House of Representatives
- House party standings
- Members: 100 (99 Democratic Party, 1 R)
- House Speaker: Irving Neale (D)
- Party control: Democratic Party

Sessions
- 1st: January 12, 1931 – May 12, 1931
- 2nd: October 7, 1931 –
- 3rd: March 15, 1932 – April 12, 1932

= 48th Arkansas General Assembly =

Term of state legislature in Arkansas, US

The Forty-Eighth Arkansas General Assembly was the legislative body of the state of Arkansas in 1931 and 1932. In this General Assembly, the Arkansas Senate and Arkansas House of Representatives were both controlled by the Democrats. In the Senate, all 35 senators were Democrats, and in the House, 99 representatives were Democrats, with one Republican.

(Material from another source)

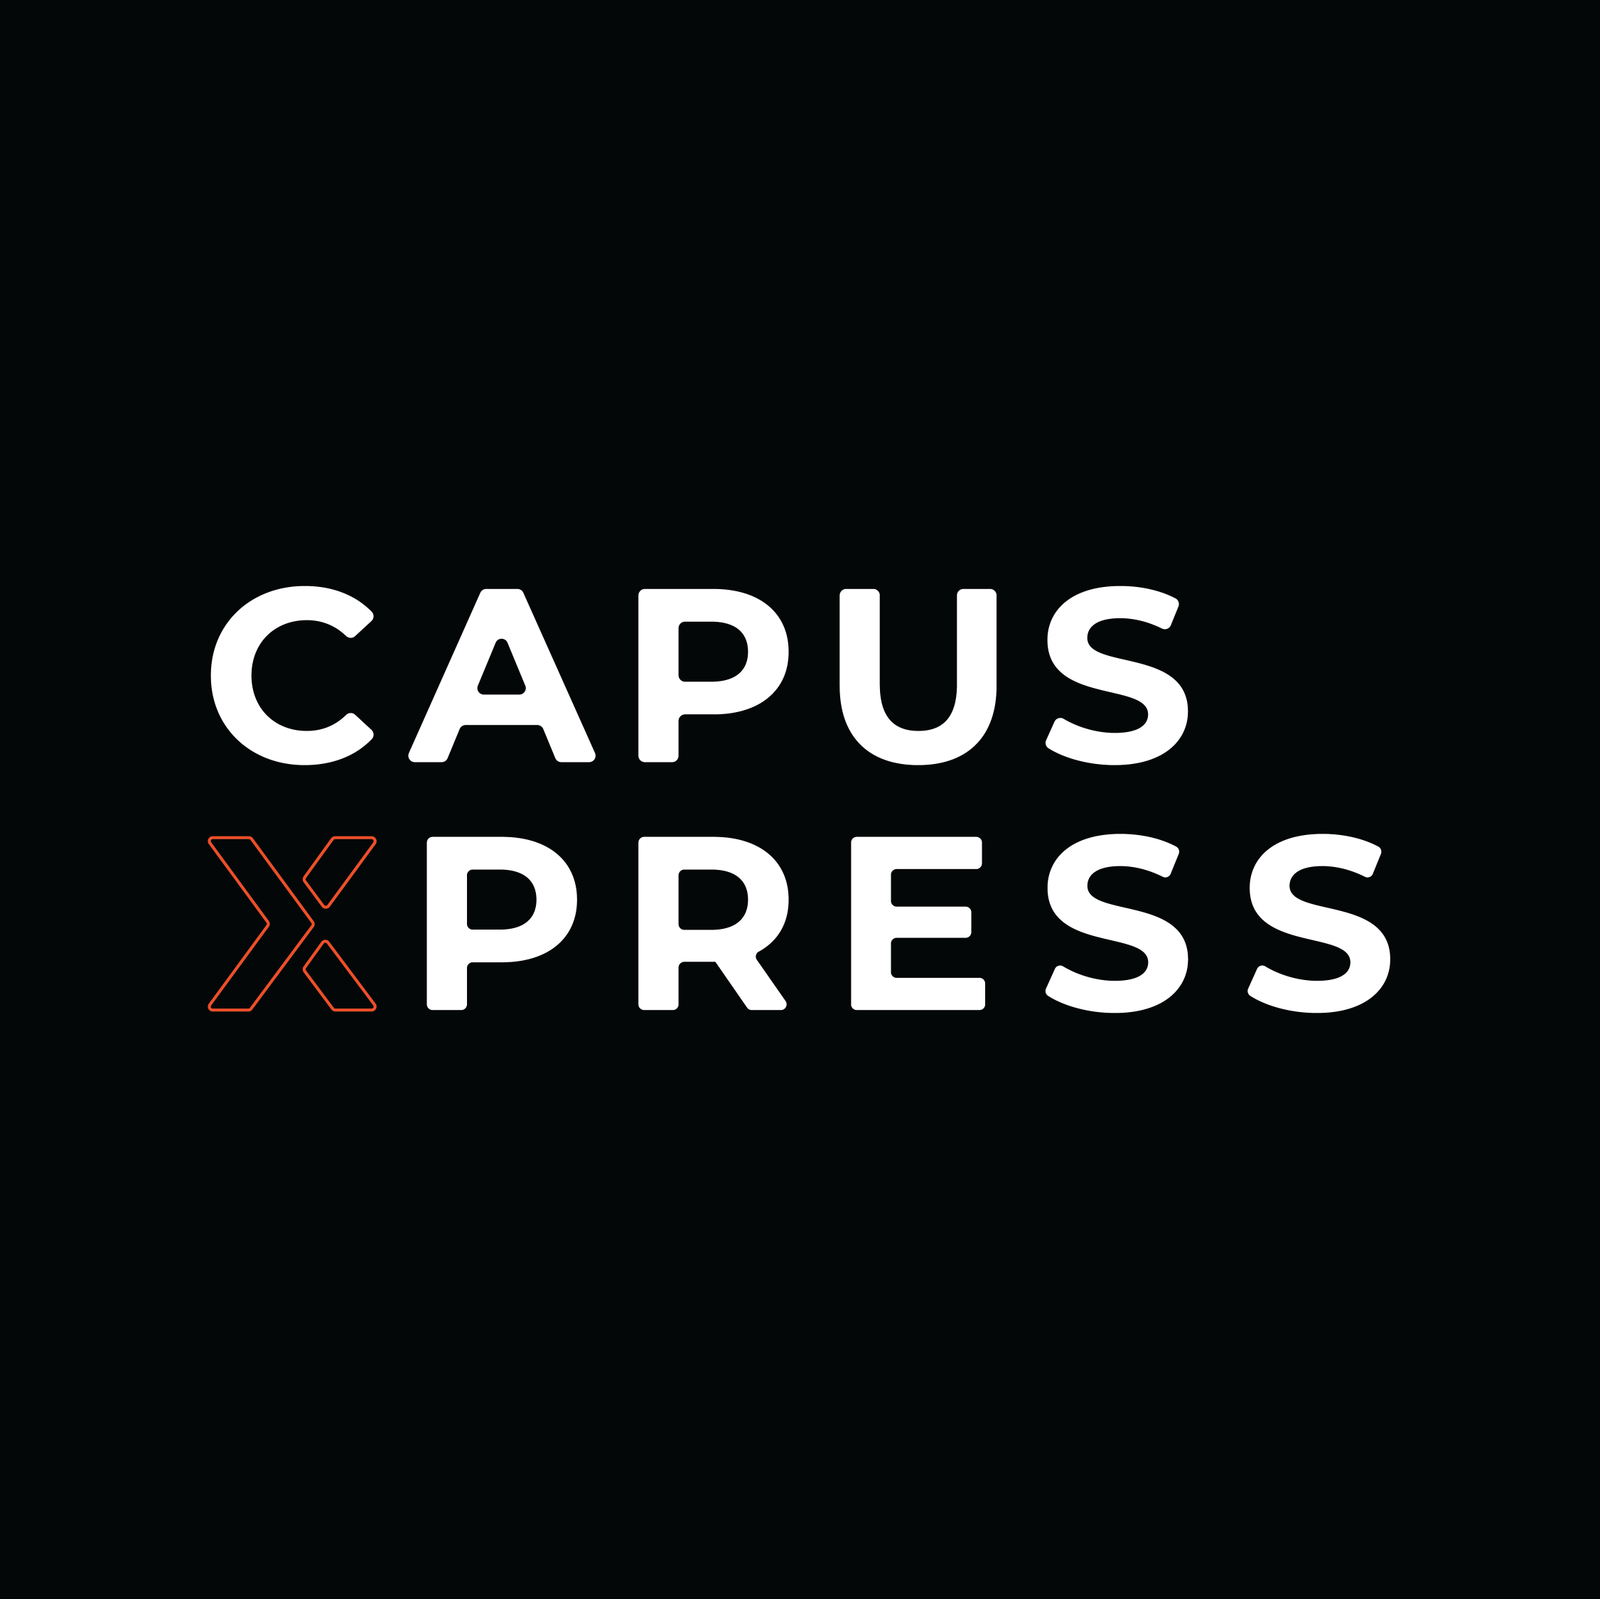 CAPUS EXPRESS AS

It was the first General Assembly to use redistricted legislative districts from the 1930 United States census.

==Major events==

===Vacancies===
- Senator Granville Jones (D-31st) died, replaced by L. Walter Wheatley by election
- Representative William U. McCabe (D-Baxter County) died, no record of a successor being elected or appointed
- Representative S. A. Turner (D-Cleburne County) died, no record of a successor being elected or appointed

===Appointments===
- Senator R. E. Spence is appointed to the 1st Senatorial District due to the resignation of his father, W. E. Spence.

==Legislative summary==
The 48th General Assembly generally dealt with routine matters. They created the county highway fund and abolished the elected office of Arkansas State Superintendent of Public Instruction, converting the office to the Arkansas Commissioner of Education, which was appointed by the Arkansas Board of Education.

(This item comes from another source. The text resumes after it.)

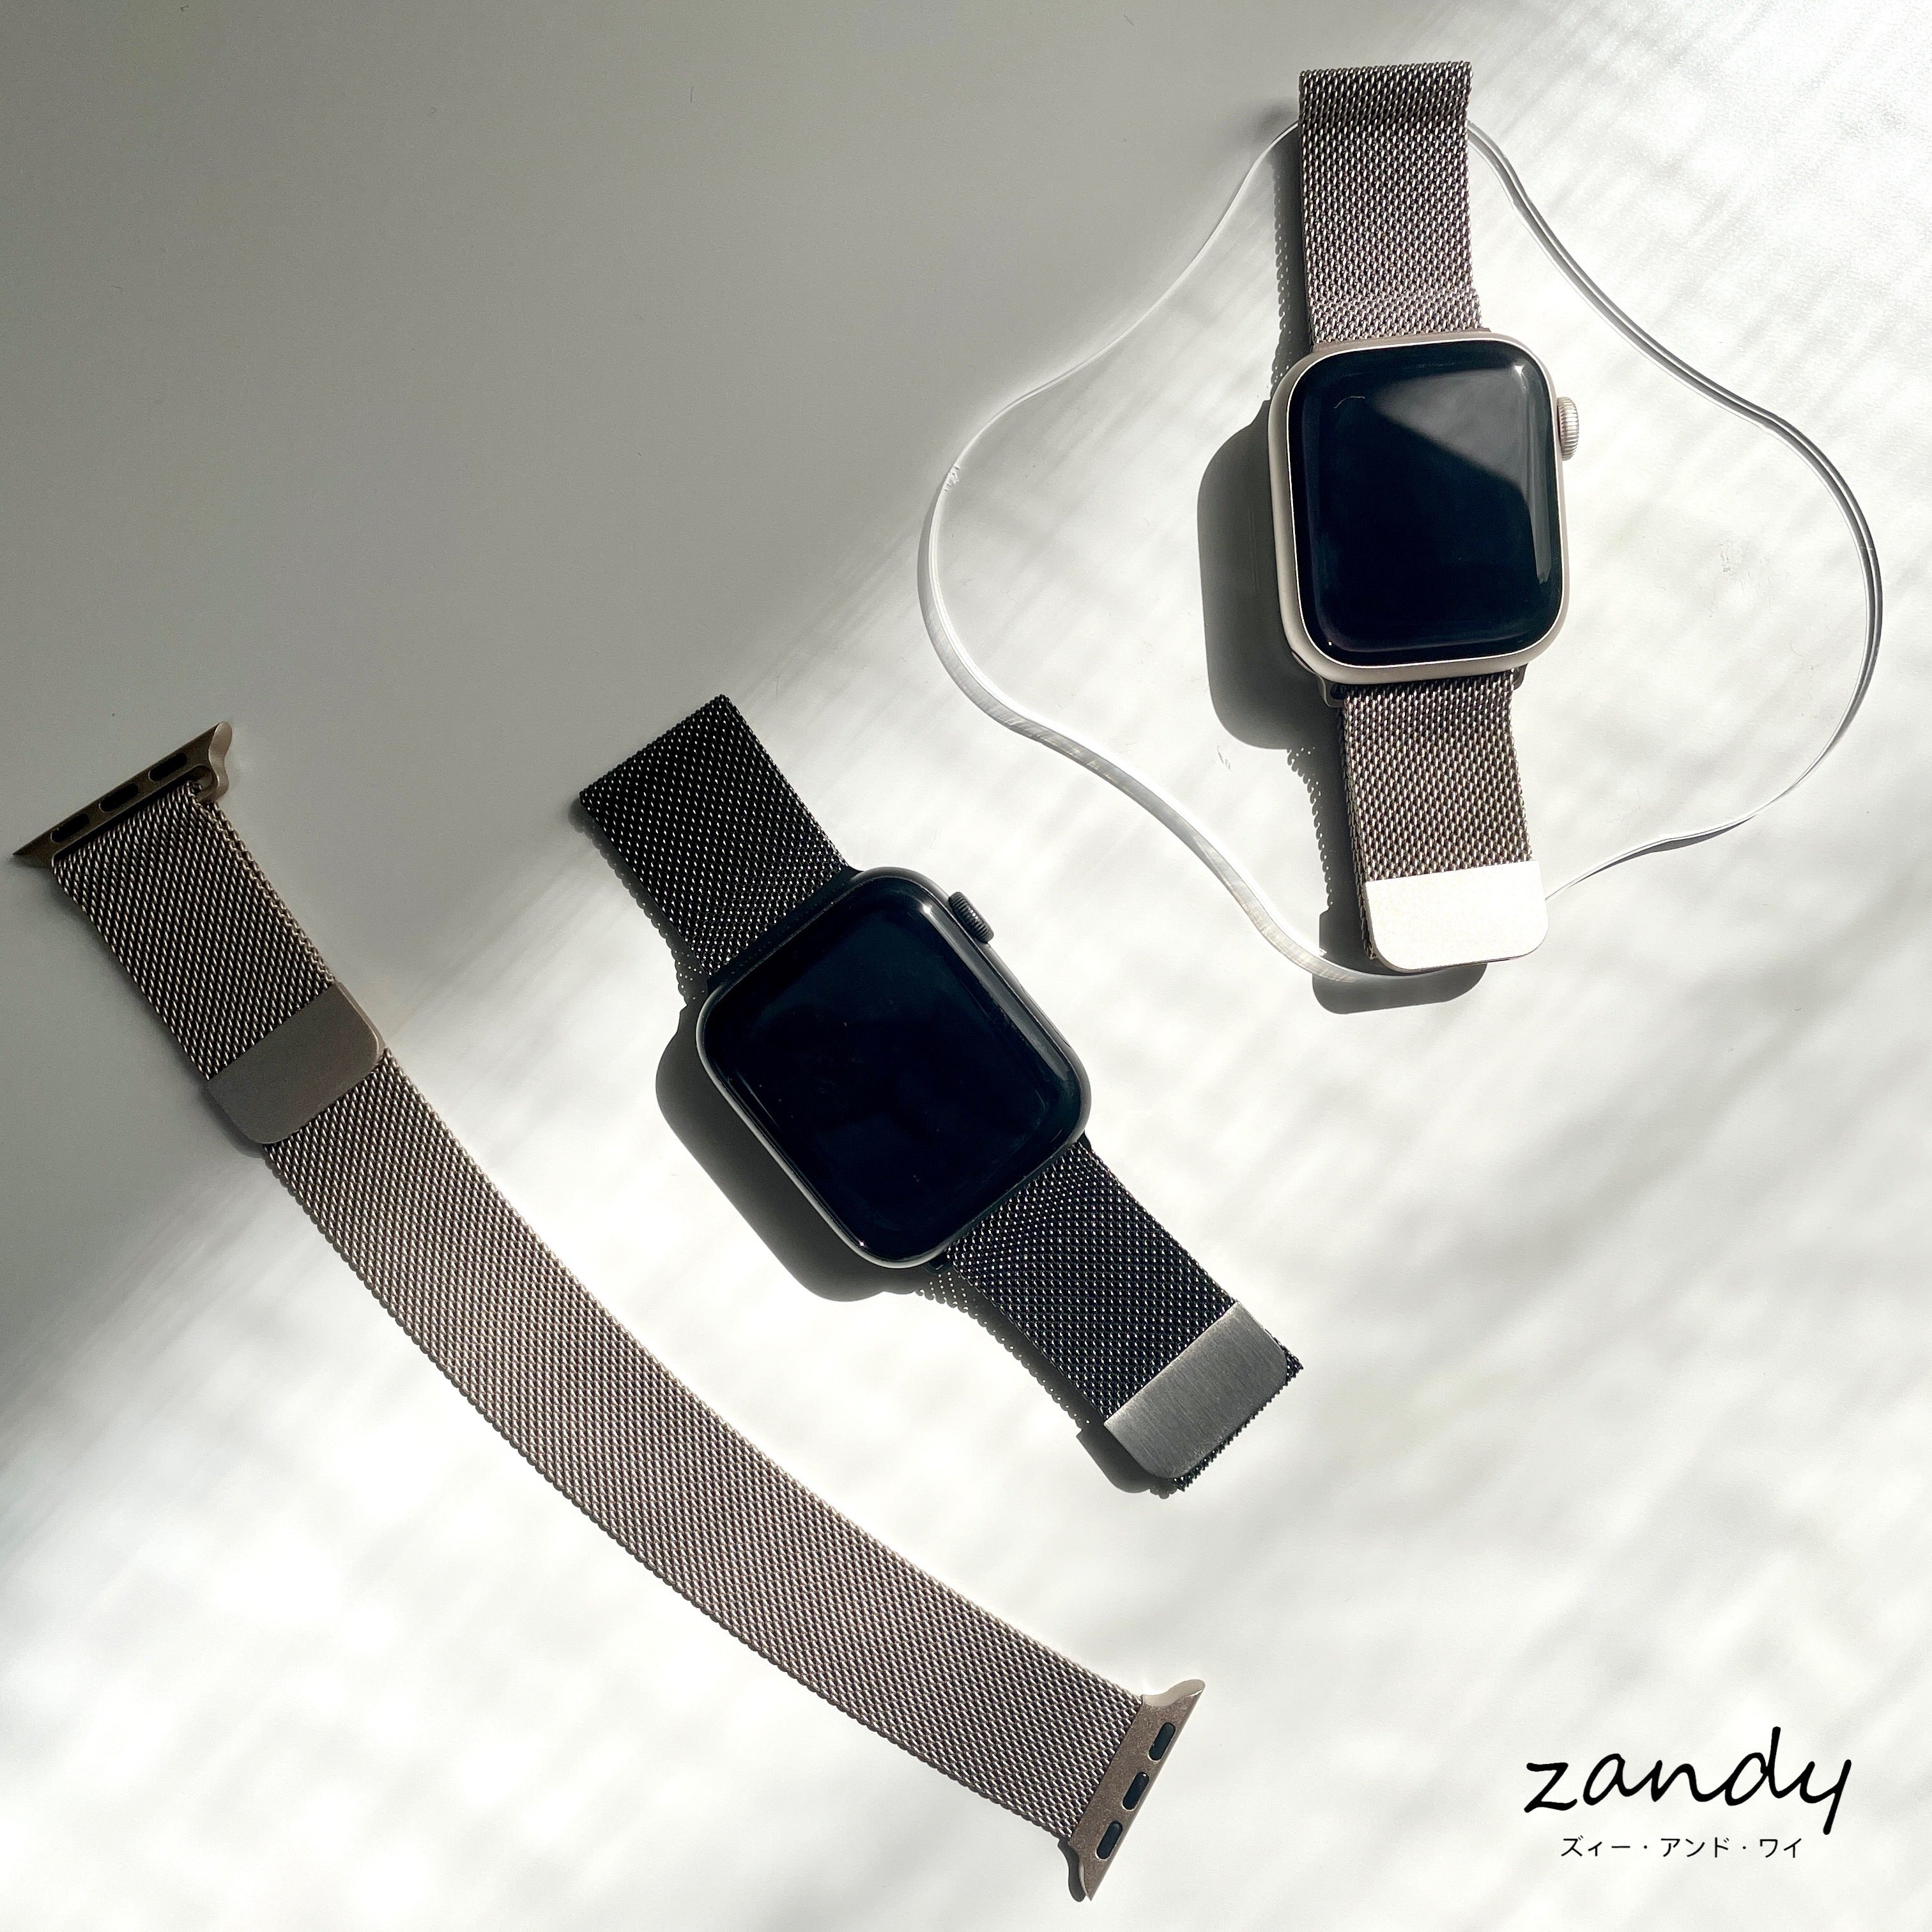 Applewatch series4 40mm ミラネーゼメンズ | zoidubai.com

Governor Parnell sought approval from the legislature to send a government reorganization plan to the voters. The plan would have reduced all state elections to once every four years, with only the governor, lieutenant governor, and attorney general remaining as elected officials and reorganizing the executive branch into twelve departments. The plan was viewed as an increase in the governor's power and never gained traction with the legislature.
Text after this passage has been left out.